Ehud Barak: We Must Save Israel From Its Government

For all of Israel’s great achievements in its seven decades of statehood, our country now finds its very future, identity and security severely threatened by the whims and illusions of the ultranationalist government of Prime Minister Benjamin Netanyahu.

.. this government has been irrational, bordering on messianic

.. The government realizes that carrying out its one-state plan must entail steps and practices that necessarily clash with Israeli and international law — which is why it has effectively declared war on

  • the Supreme Court of Israel,
  • the free press and civil society, as well as
  • the Israel Defense Forces’ ethical code.

This disrespect for the rule of law permeates other aspects of the government, too. It helps to shield the prime minister, his family and his aides from corruption investigations. Mr. Netanyahu’s Likud Party recently introduced legislation that would explicitly forbid the police from recommending indictments at the end of high-profile investigations.

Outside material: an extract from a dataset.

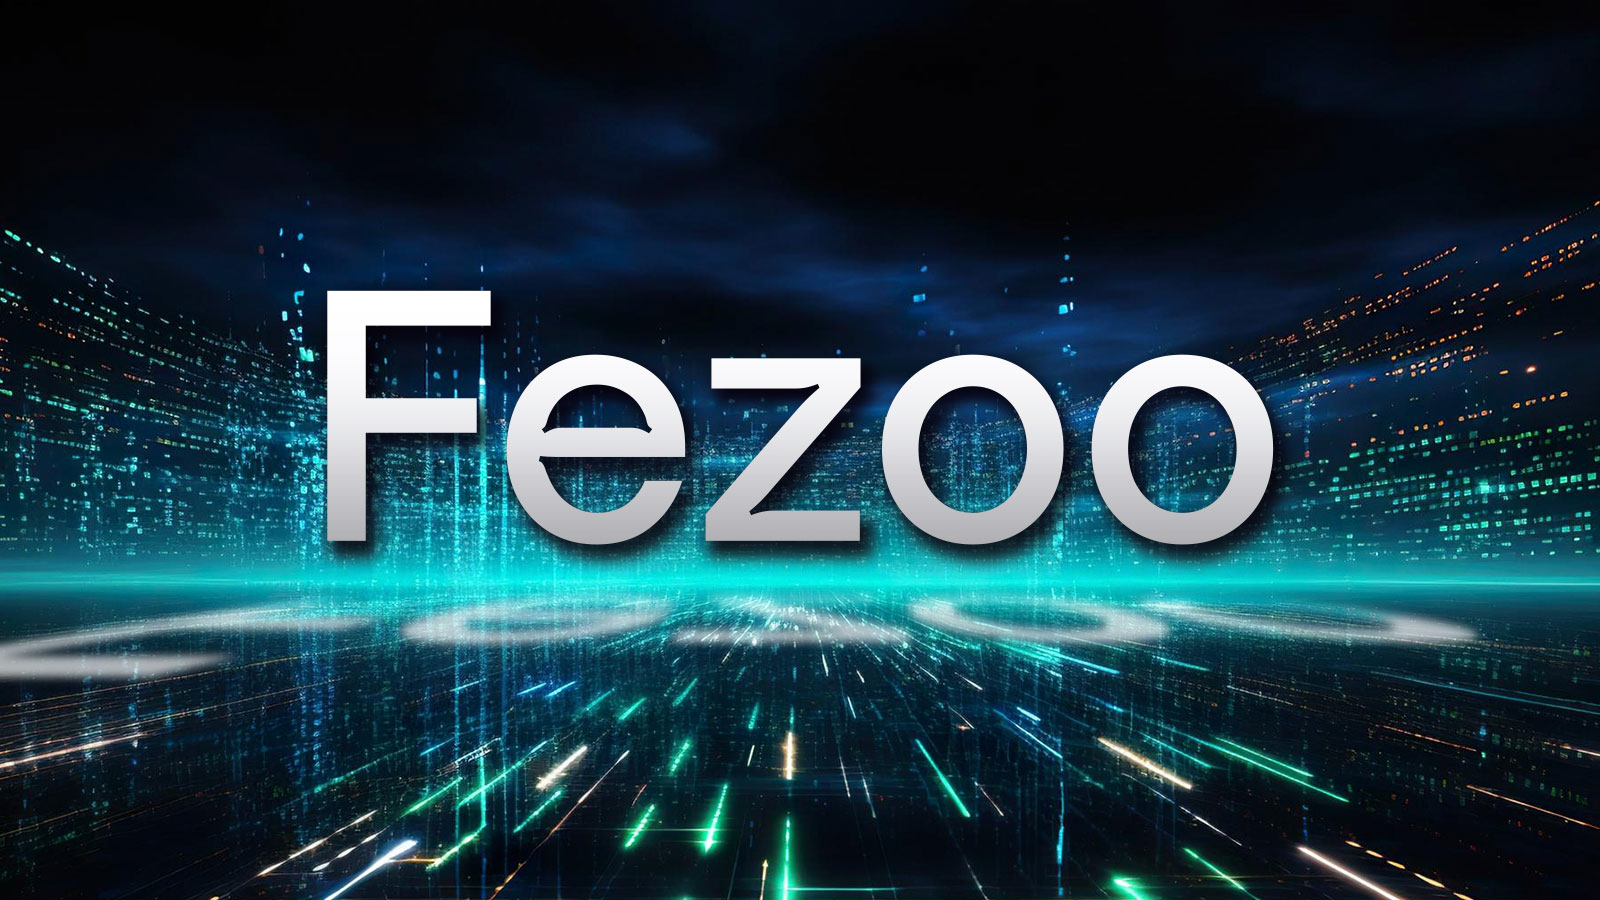 Fezoo (FEZ) Preliminary Asset Sale Might be Spotlighted in April as Cardano (ADA), Polkadot (DOT) Biggest Altcoins Surge Again

.. The Middle East is certainly a tough neighborhood. The threats to Israel are real and none can be ignored. Our country, however, has built an “iron wall” of military and economic power that has made us into the strongest player in the region.
.. there is a broad consensus among Israelis that rests on three pillars.
  1. First and foremost, security comes before everything; every Israeli understands this.
  2. Second, the unity, solidarity and integrity of the people take priority over the unity of the land — namely, the wish to possess the entirety of our historic homeland.
  3. Third, the principles of the 1948 Declaration of Independence, which lay out a vision for a democratic Israel based on freedom, justice and peace, are the foundation of our country’s de facto constitution.
.. The entire debate, then, is actually only over the fate of the isolated settlements, fewer than 100 small communities deep in the West Bank, containing around 100,000 settlers. Even if it is not possible to solve the Israeli-Palestinian conflict at this stage — and it probably is not — it is obvious that continued construction in those isolated settlements directly damages Israel’s vital interests.
.. Mr. Netanyahu’s coalition claims to support the three pillars of Israeli consensus but the truth is it is determinedly undermining all three.
.. He prefers a Greater Israel with an Arab majority, violence and division over a united, self-confident Israel with a solid Jewish majority
.. He sanctifies the Land of Israel before the People of Israel. And he systematically erodes Israel’s democracy and liberal norms of governance.
.. In the service of this agenda, Mr. Netanyahu elevated fake news, alternative facts and whataboutism into art forms in Hebrew, long before those terms gained any traction in English.